Un homme qui sortait de dessous une de ces piles de planches où probablement il avait été se réfugier pendant l'ondée, se présenta à nous: il s'approcha et nous regarda sous le nez: le Banian se remit à trembler; pour cette fois il dut se croire perdu… Il n'y eut que lorsqu'il entendit l'homme me dire: «Ah c'est vous, monsieur!» que je le sentis se redresser sur ses jarrets chancelans.
—Eh oui, c'est moi, répondis-je au patron caboteur. Vous ne m'attendiez pas sitôt, n'est-il pas vrai?
—Non, me dit-il; mais cependant j'avais fait venir mon petit canot à terre pour plus de précaution; tenez, le voilà amarré là à la lune, avec le mousse qui ne l'a pas quitté… Lequel de vous s'embarque, messieurs?
—C'est monsieur.
—Allons, qu'il soit le bien venu: la brise est ronde; la grainasse a éclairci et rafraîchi le temps… Je n'ai plus qu'une amarre à larguer pour appareiller; mon ancre est à bord depuis que vous m'avez parlé… Allons, messieurs, embarquons-nous; une heure de gagnée est quelquefois l'heure qui sauve la vie… Embarquez…»

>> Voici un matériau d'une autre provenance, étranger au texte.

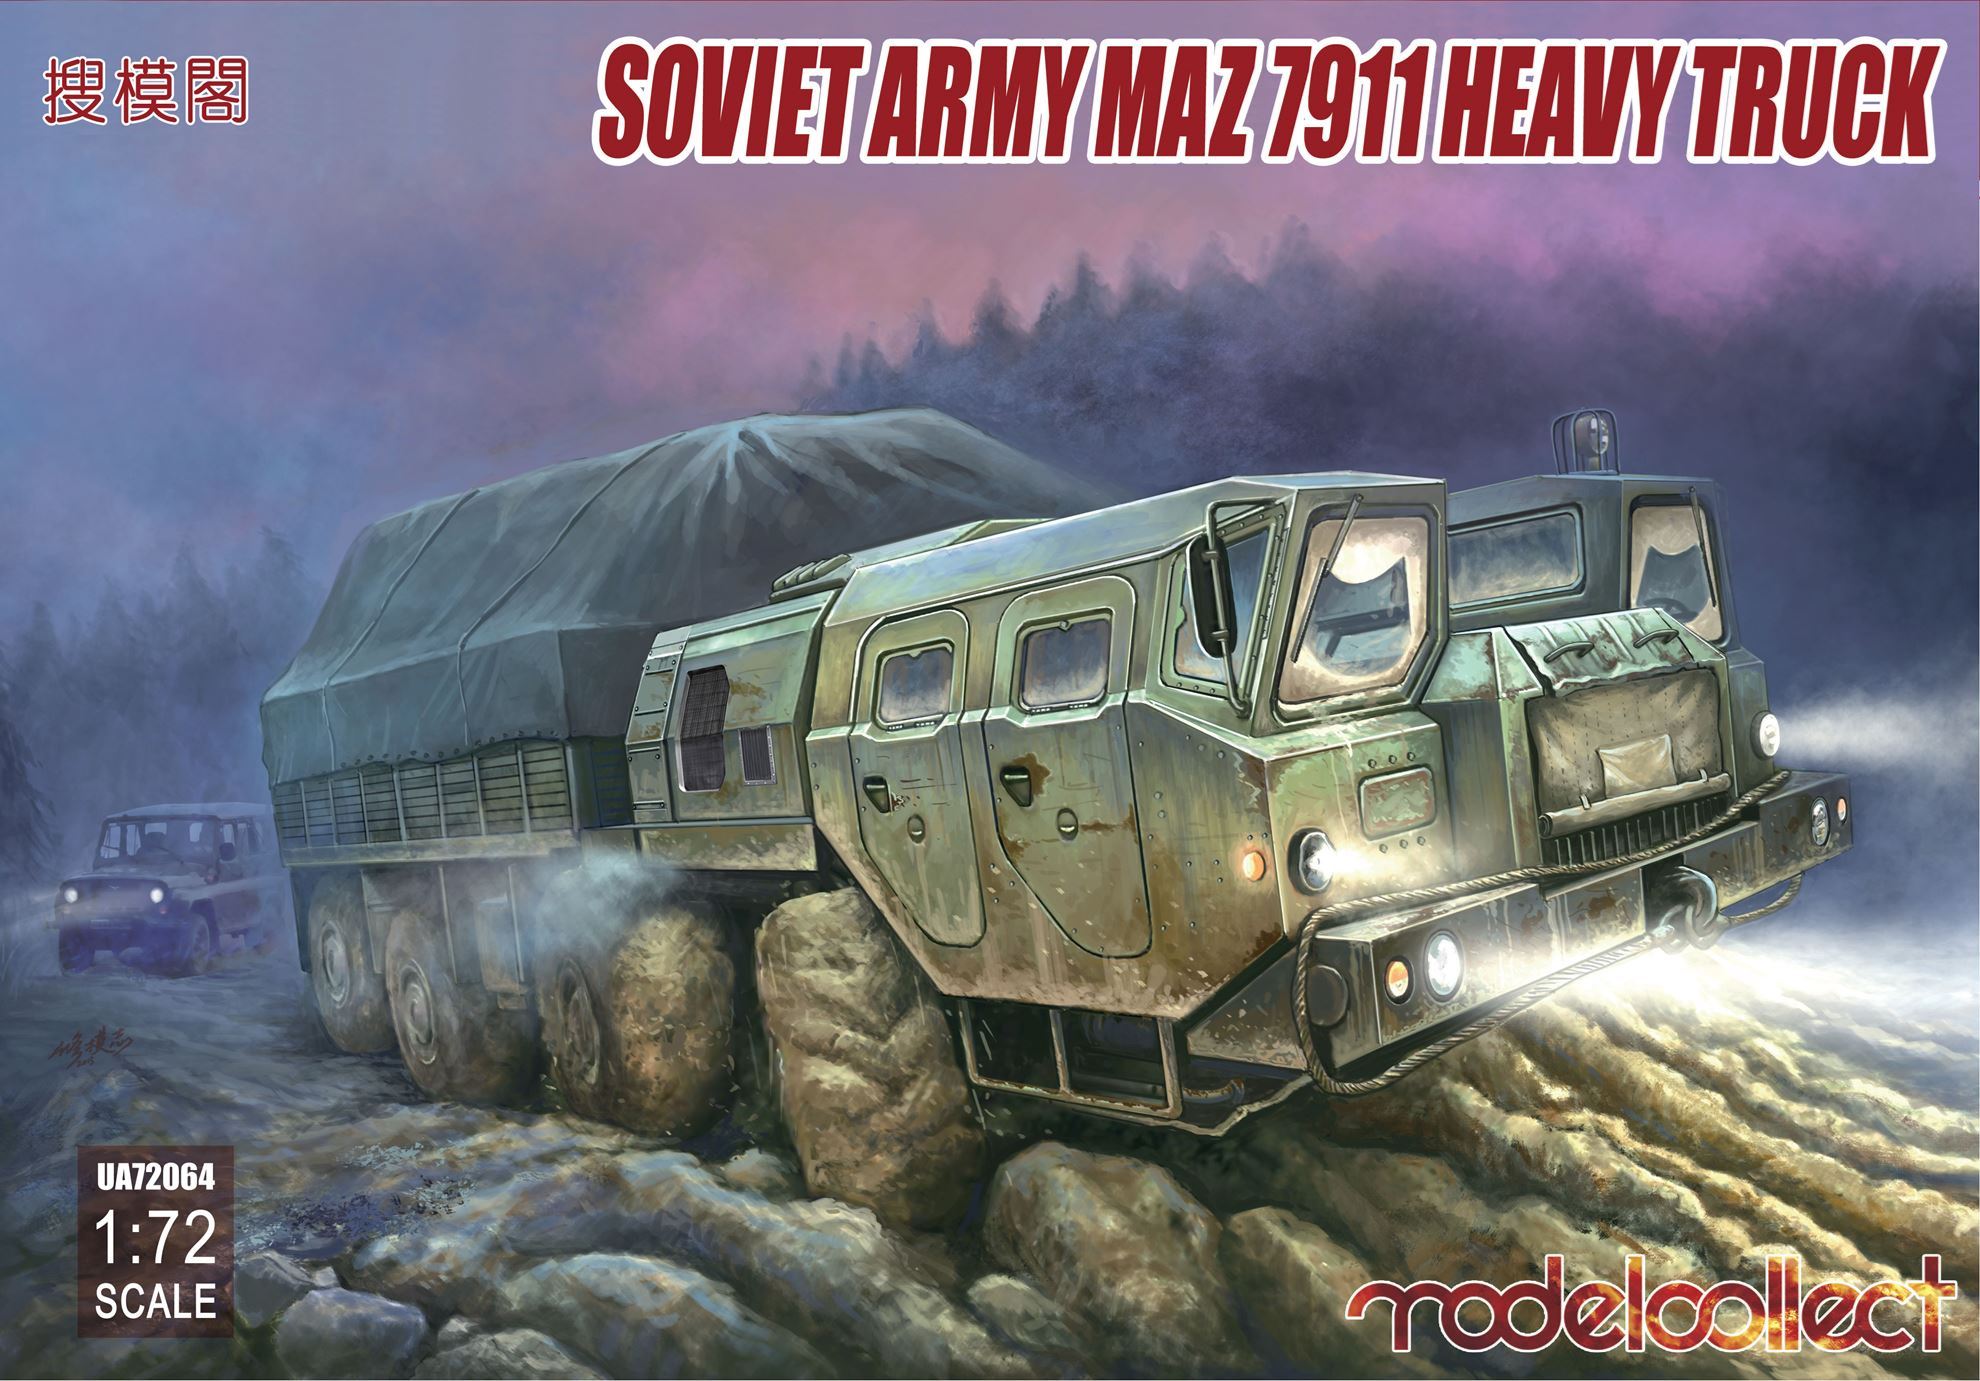 Soviet Army MAZ 7311 Heavy truck

Le Banian n'avait plus de voix… Je lui remis dans la main la somme qui pouvait lui être nécessaire pour payer le reste de son passage et pour se débrouiller un peu à son arrivée à la Guayra… il me sauta au cou en sanglotant, mais sans pouvoir parler; je l'embrassai, ma foi, comme on embrasse un homme que l'on vient d'arracher à l'échafaud… Le patron, qui attendait la fin de nos adieux pour se rendre à bord dans son petit canot, nous cria à deux ou trois reprises encore: «Allons, embarquons-nous, une heure de gagnée est l'heure qui quelquefois sauve la vie…» J'aidai mon prisonnier évadé à s'embarquer dans le canot: le patron me souhaita le bonsoir… Et pour la seconde fois je confiai aux flots et au hasard les destinées du pauvre Banian.
En voyant la chaloupe du caboteur fuir dans l'obscurité, et le caboteur lui-même livrer bientôt ses voiles à la brise de terre pour gagner le large, je restai plongé dans les réflexions assez tristes que m'inspirait en ce moment le brusque départ du prisonnier que je venais de délivrer si miraculeusement. Long-temps probablement j'aurais gardé l'attitude méditative que j'avais prise sur le rivage, sans le bruit que firent les pas de quelques personnes qui s'avançaient vers le point même où j'étais demeuré après avoir embarqué le Banian dans le canot… Arraché à ma rêverie par l'approche de ces importuns, j'allais me retirer pour retrouver l'hôtel où j'étais descendu, lorsqu'une main légère me frappant sur le bras, me fit tourner la tête vers l'individu qui venait de m'aborder aussi familièrement: c'était une femme, et je reconnus presque aussitôt que cette femme était la comtesse. Un homme l'accompagnait et s'était arrêté à quelques pas d'elle, au moment où elle s'était approchée de moi.
«Et que faites-vous si tard au bord de la mer, monsieur le voyageur mystérieux? me demanda-t-elle.
—Ma foi, madame, lui répondis-je en me remettant un peu du trouble que m'avait causé son apparition, je pourrais vous faire, je crois, la même question, dans le moment actuel.
—Oh! ma réponse à moi sera facile, reprit-elle avec vivacité. Vous savez bien que j'exerce et que je me suis imposé, jusqu'à mon départ de Saint-Thomas, une mission de surveillance qui, Dieu merci, finira demain! J'ai dix-sept prisonniers à garder, et j'en cherche un qui vient de s'échapper de la geôle.